Work instructions: Return the data below in full and exactly, except that the pictures are dropped.
-- Supplied information follows --
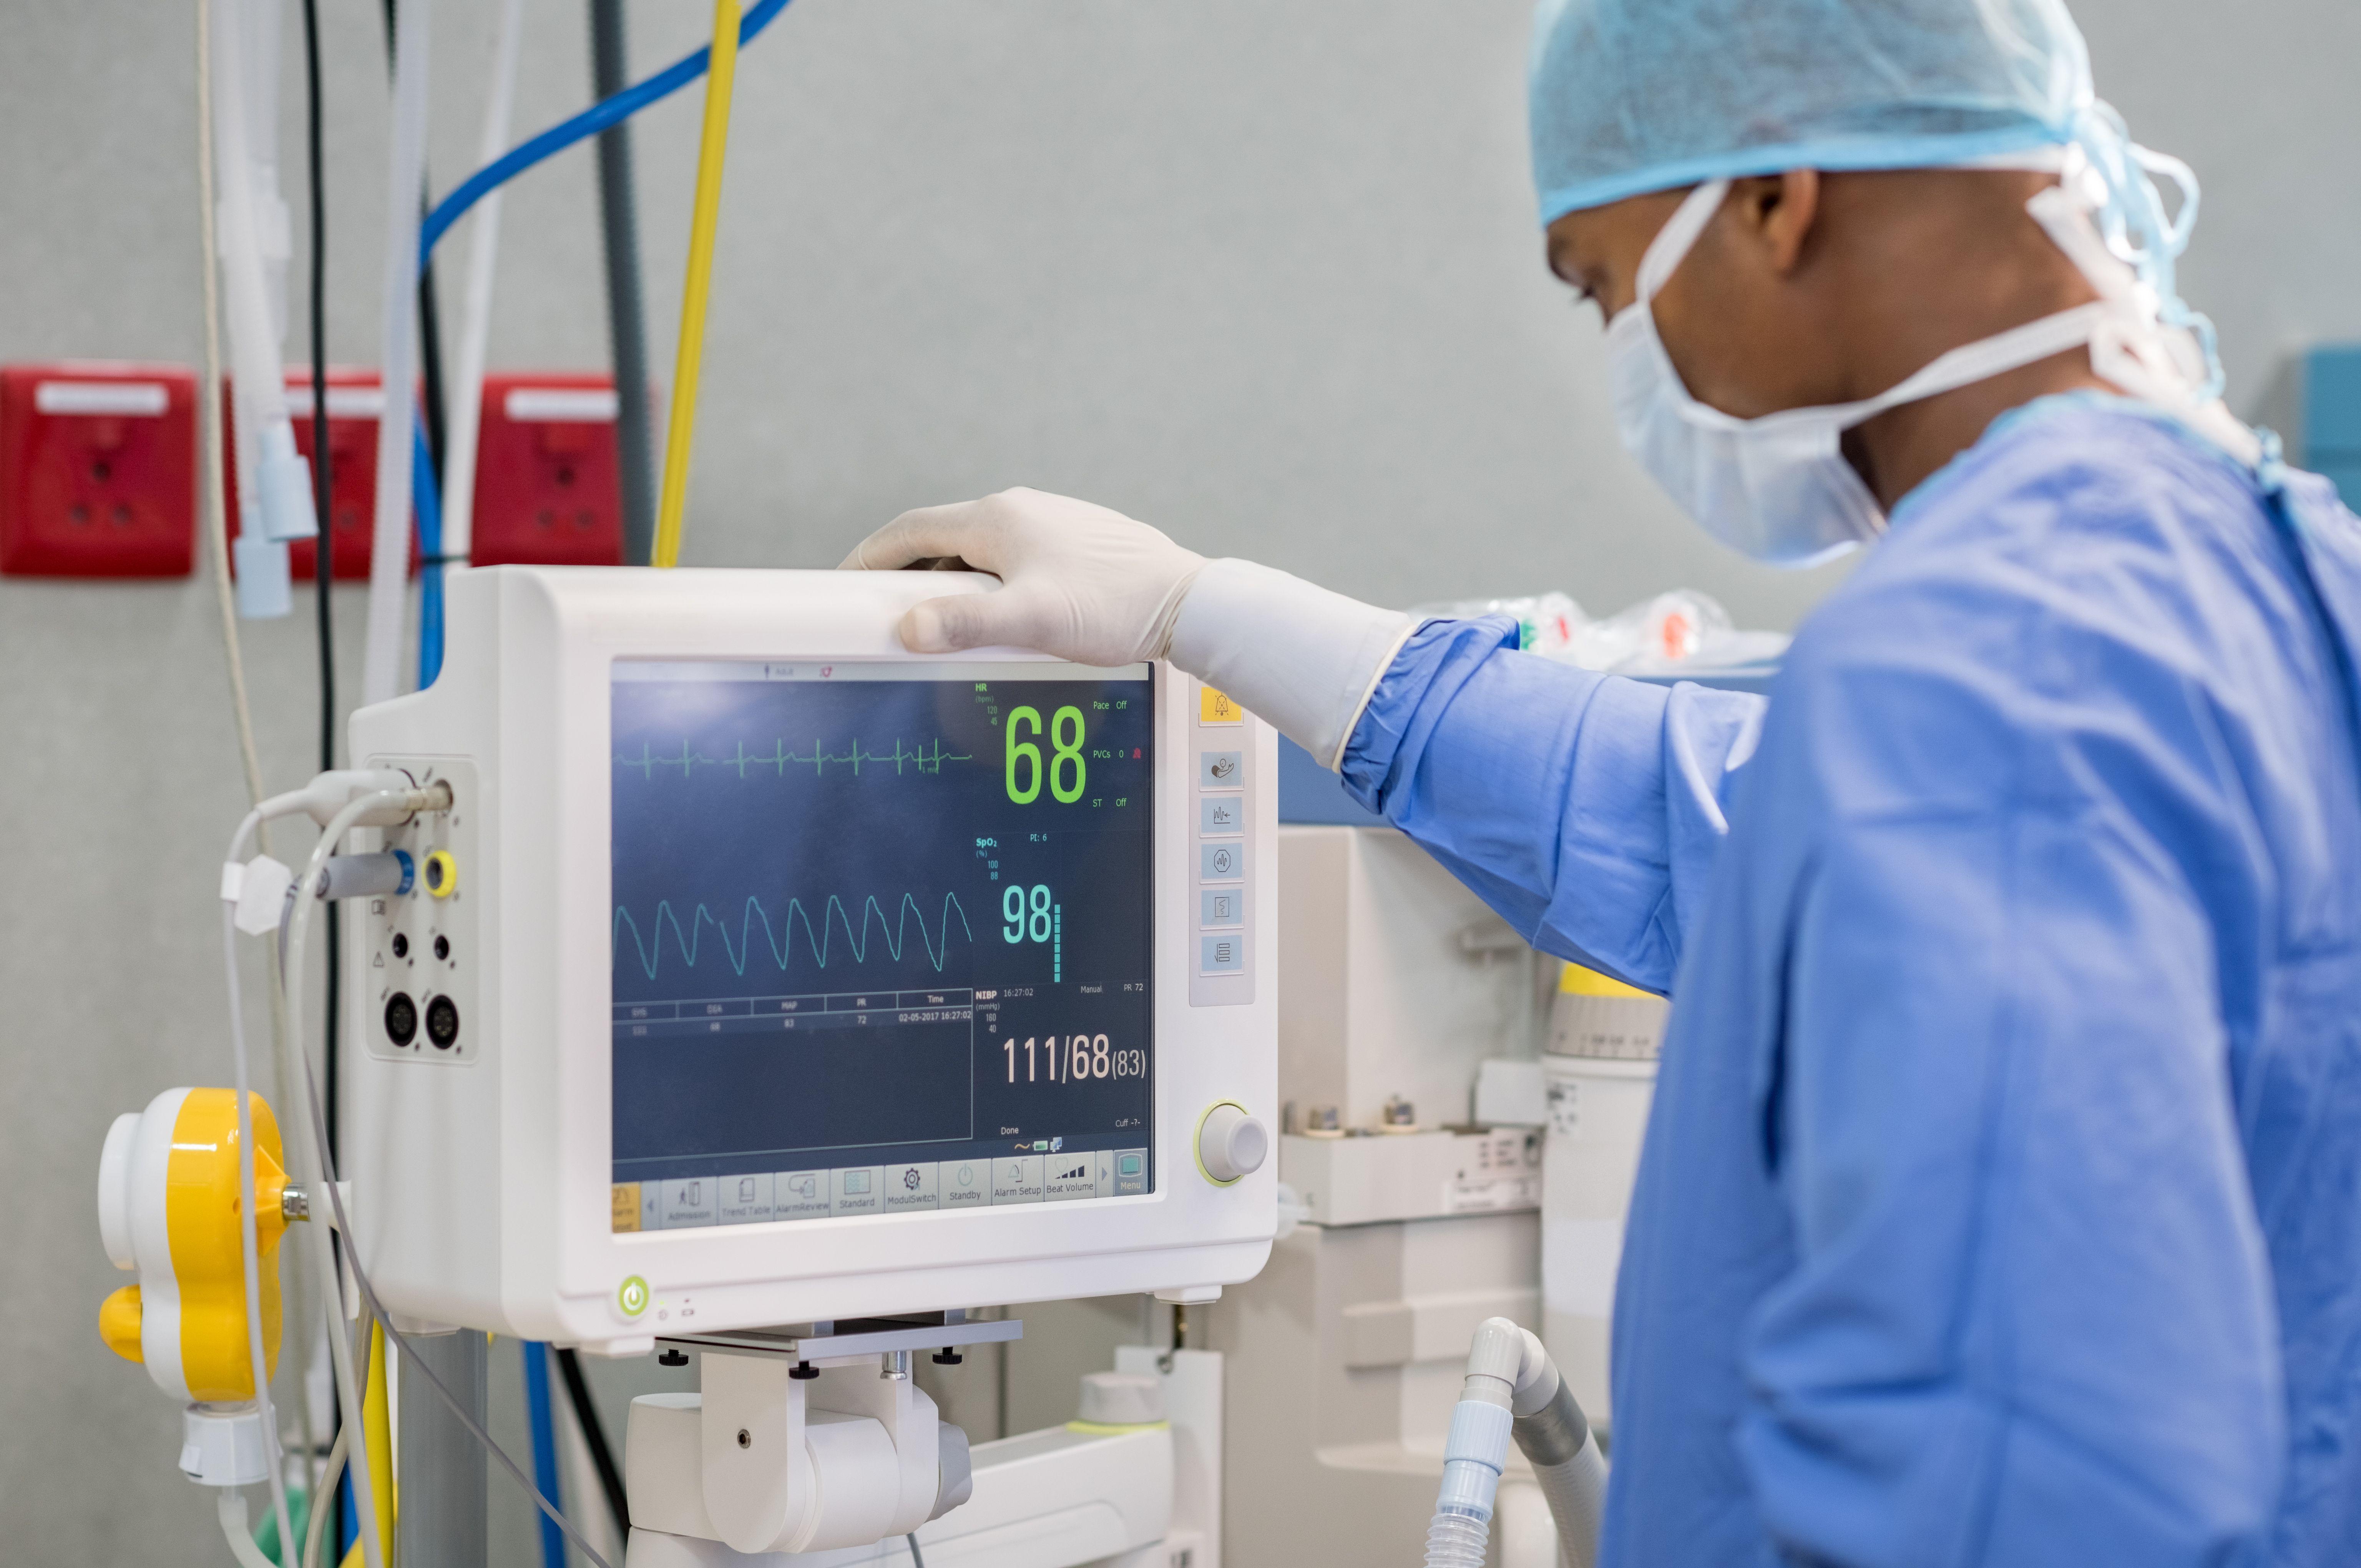 heart-rate-monitor-in-hospital-theater-PYG8W2Z.jpg
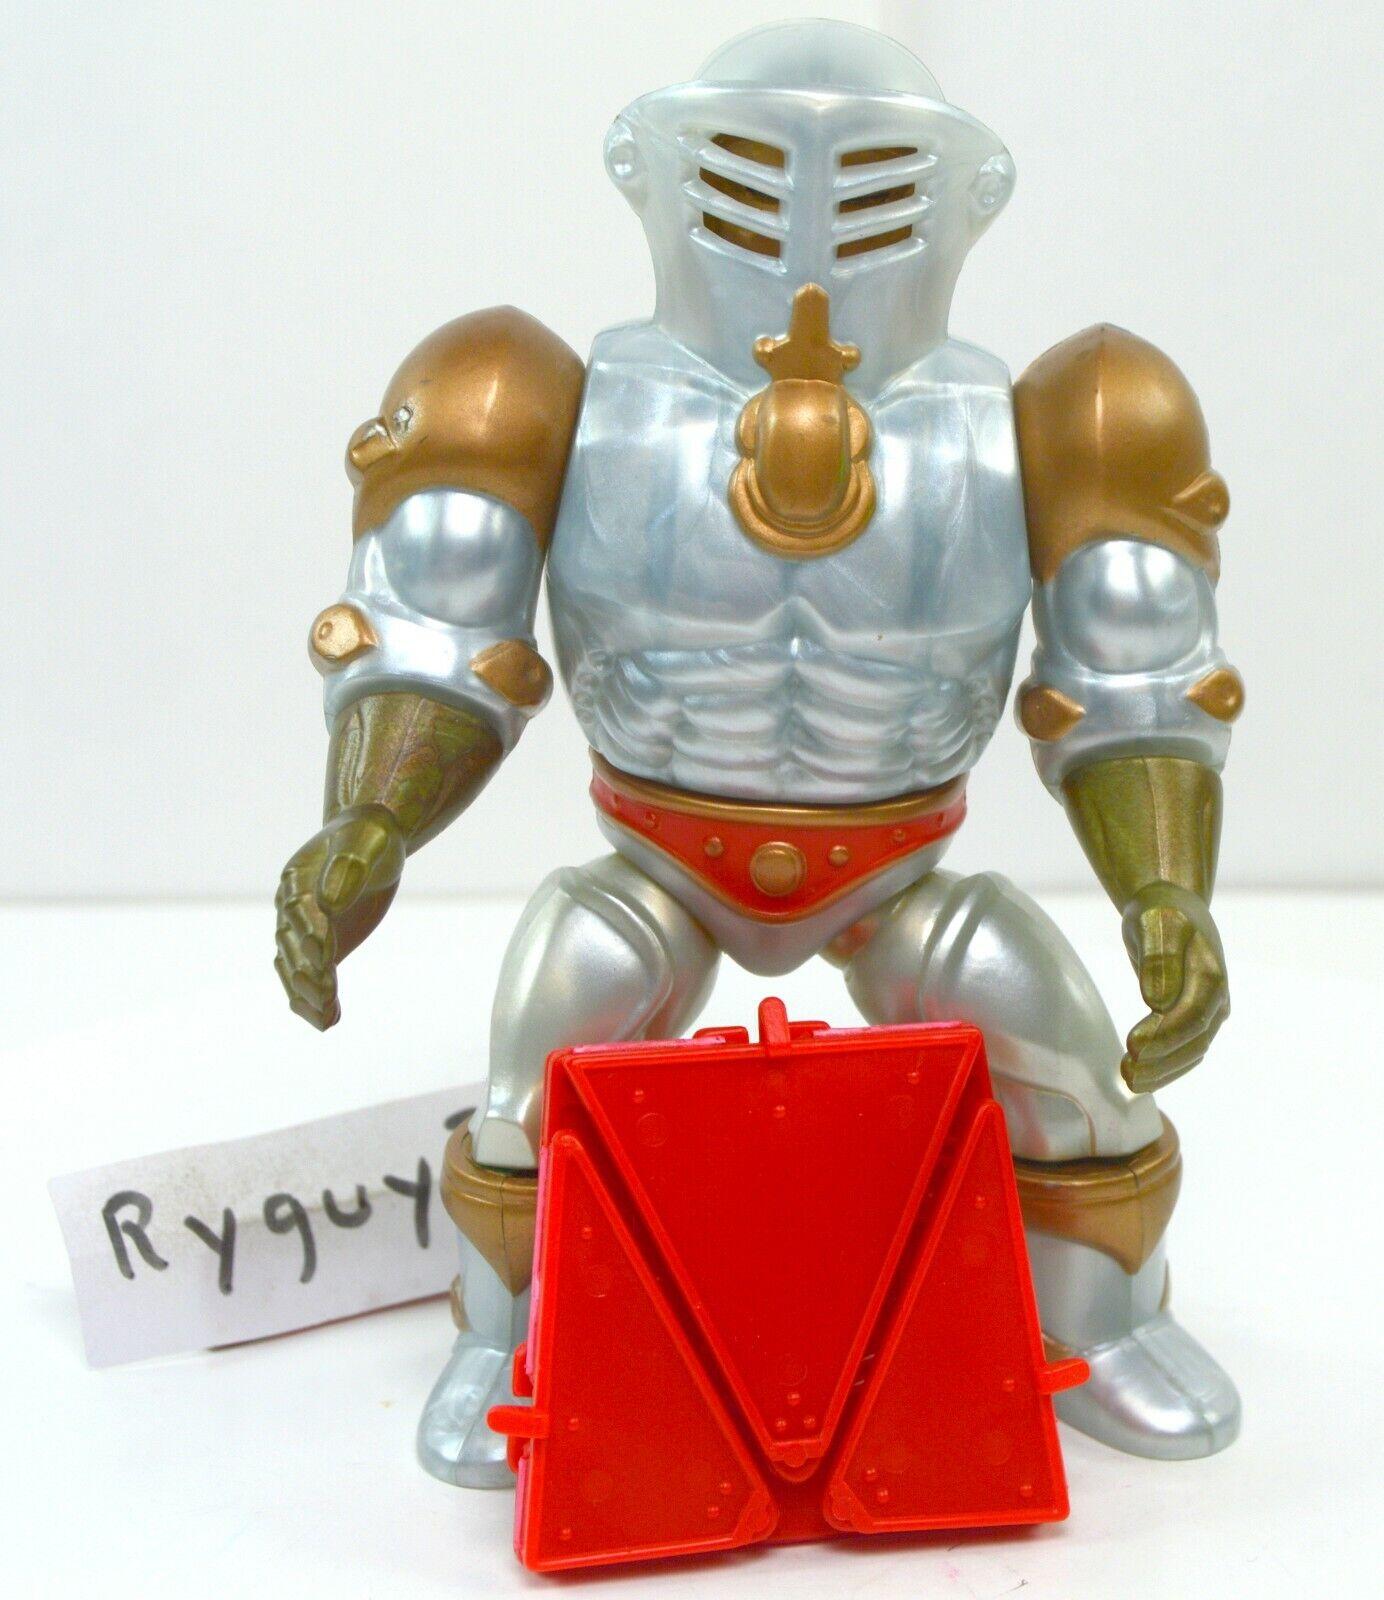 MOTU, Extendar, Masters of the Universe, shield, completare, cifra, He uomo, 100%
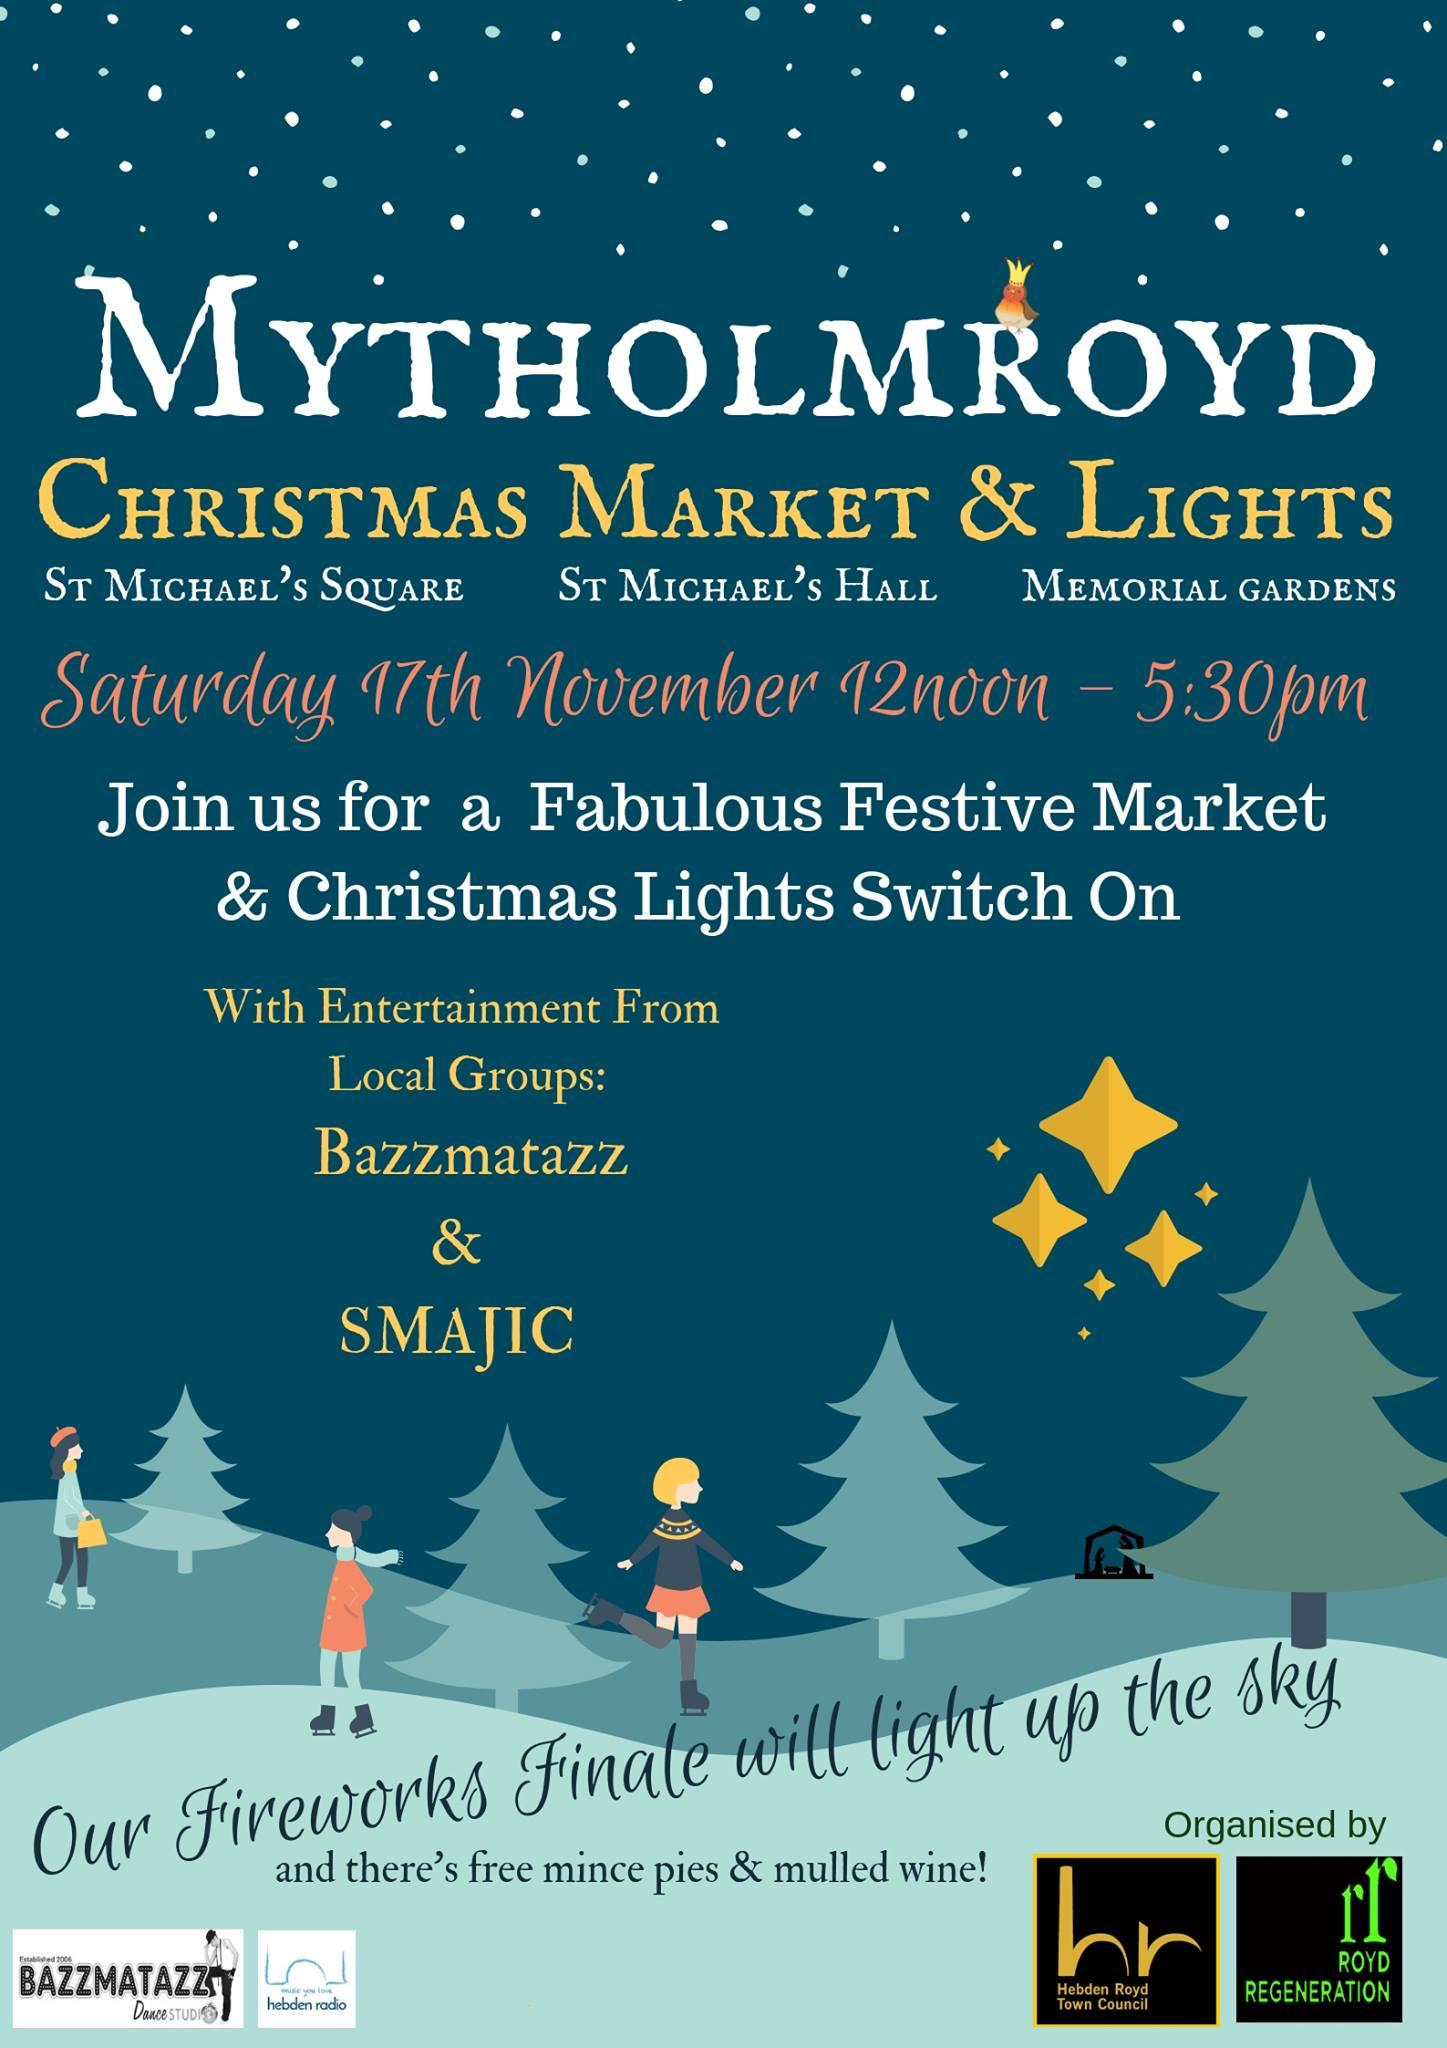 Mytholmroyd Christmas Market & Lights Switch On 2018
-- Supplied information concluded --
Answer space:
 heart-rate-monitor-in-hospital-theater-PYG8W2Z.jpg
 MOTU, Extendar, Masters of the Universe, shield, completare, cifra, He uomo, 100%
 Mytholmroyd Christmas Market & Lights Switch On 2018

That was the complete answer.